Magecart skimmers are targeting routers for customer Wi-Fi networks

Injecting malicious scripts onto L7 routers potentially exposes guests connecting to Wi-Fi hotspots to payment data theft

Security researchers at IBM X-Force IRIS have found evidence of Magecart skimmers targeting commercial layer 7 (L7) routers to steal payment card details of users.

Up until now, Magecart-specific code was only delivered at the website level, with web skimmers hiding the code inside PHP or JavaScript files. But researchers say they have found hackers designing and testing malicious scripts that they can inject onto L7 routers - potentially exposing guests connecting to Wi-Fi hotspots to payment data theft.

Heavy-duty L7 routers are normally used to provide paid or free Wi-Fi services on large networks, such as hotels, airports, malls, casinos, government networks and so on.

Researchers said Magecart groups have already compromised thousands of websites by injecting malicious code to steal payment details entered into their checkout pages.

Magecart Group 5 focuses on targeting third-party services used by e-commerce websites by injecting skimming code to JavaScript libraries they provide

Some of the victims of Magecart attacks include big brands, such as TicketMaster, British Airways, and Newegg.

The X-Force team started their investigation after they discovered a number of scripts on VirusTotal, finding huge similarities to malicious code linked with a group called Magecart Group 5 (MG5).

The researchers also discovered 17 other scripts uploaded since April and observed that most of them were similar to each other, albeit with small modifications in a bid to prevent detection.

One script, dubbed test4.html, was based on another script named advnads20.js, which was linked in 2012 with malicious ad'-injection via Wi-Fi hotspots in hotels.

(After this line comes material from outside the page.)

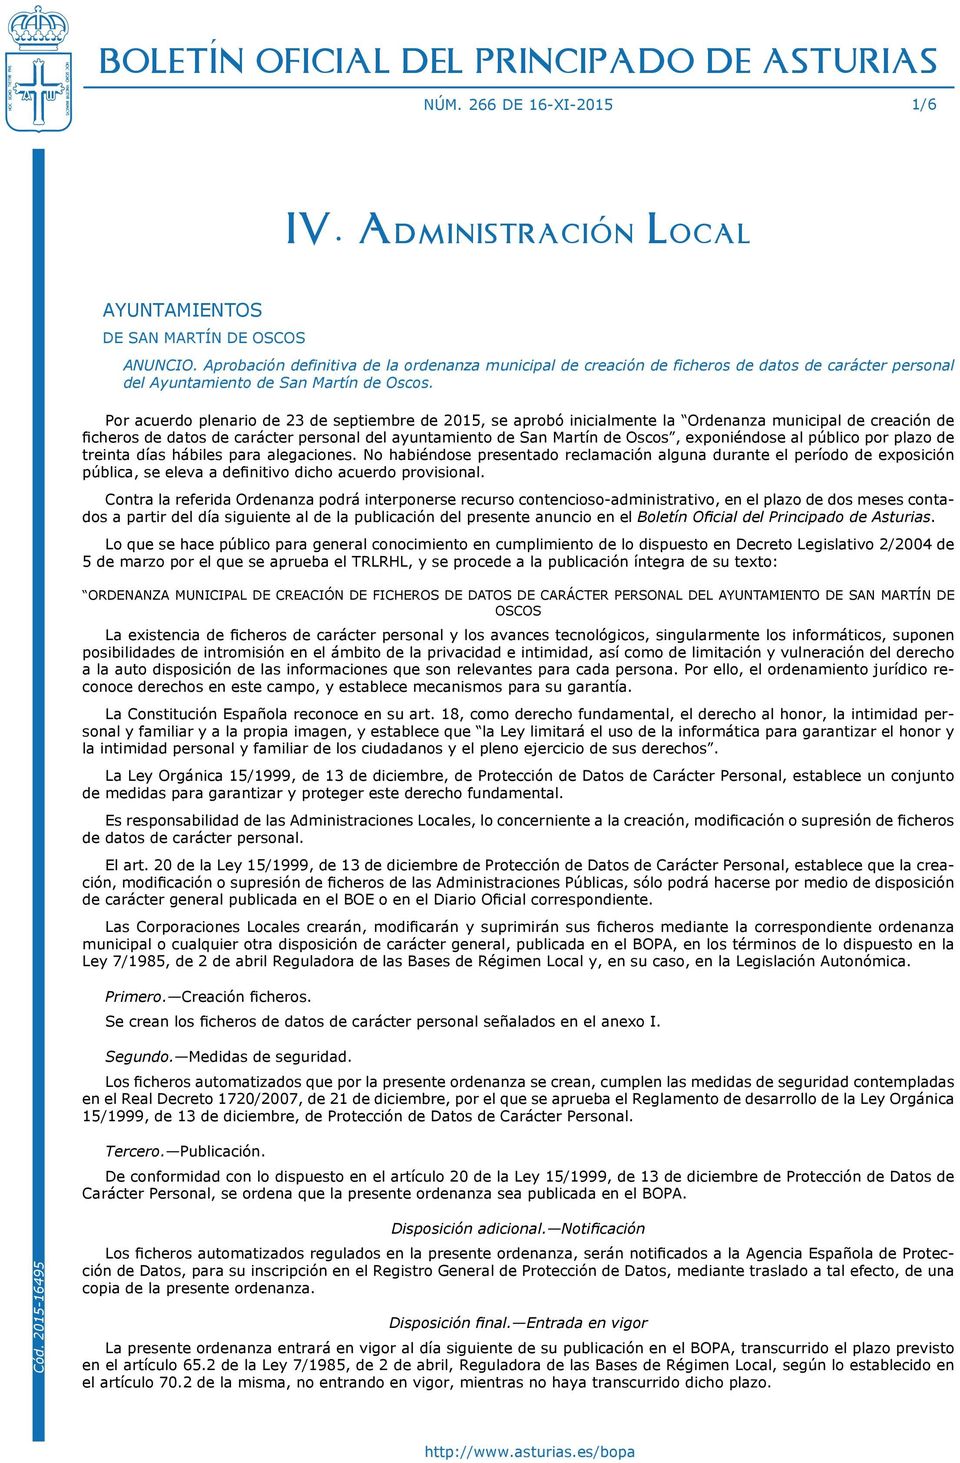 Por acuerdo plenario de 23 de septiembre de 2015, se aprobó inicialmente la Ordenanza municipal de creación de ficheros de datos de carácter personal del ayuntamiento de San Martín de Oscos,

According to researchers, test4.html aims to gather information from all web forms, and steals confidential data when users are asked to register themselves and make the payment for internet use.

The researchers believe MG5 is currently attacking users shopping on US and Chinese websites.

MG5 is also likely injecting its malicious code into an open-source JavaScript library that is offered as a free tool to help make websites compatible with mobile browsing. Infecting the code of JavaScript library allows attackers to compromise the data of smartphone users that install booby-trapped apps on their device and then shop online.

"Unlike other online skimmer groups that directly compromise their target's shopping cart platforms, Magecart Group 5 focuses on targeting third-party services used by e-commerce websites by injecting skimming code to JavaScript libraries they provide," researchers said.

Researchers recommend retailers avoid third-party code and using strong content security policies to protect themselves from Magecart attacks.

Banks and card issuers have also been advised to educate merchants about Magecart attacks.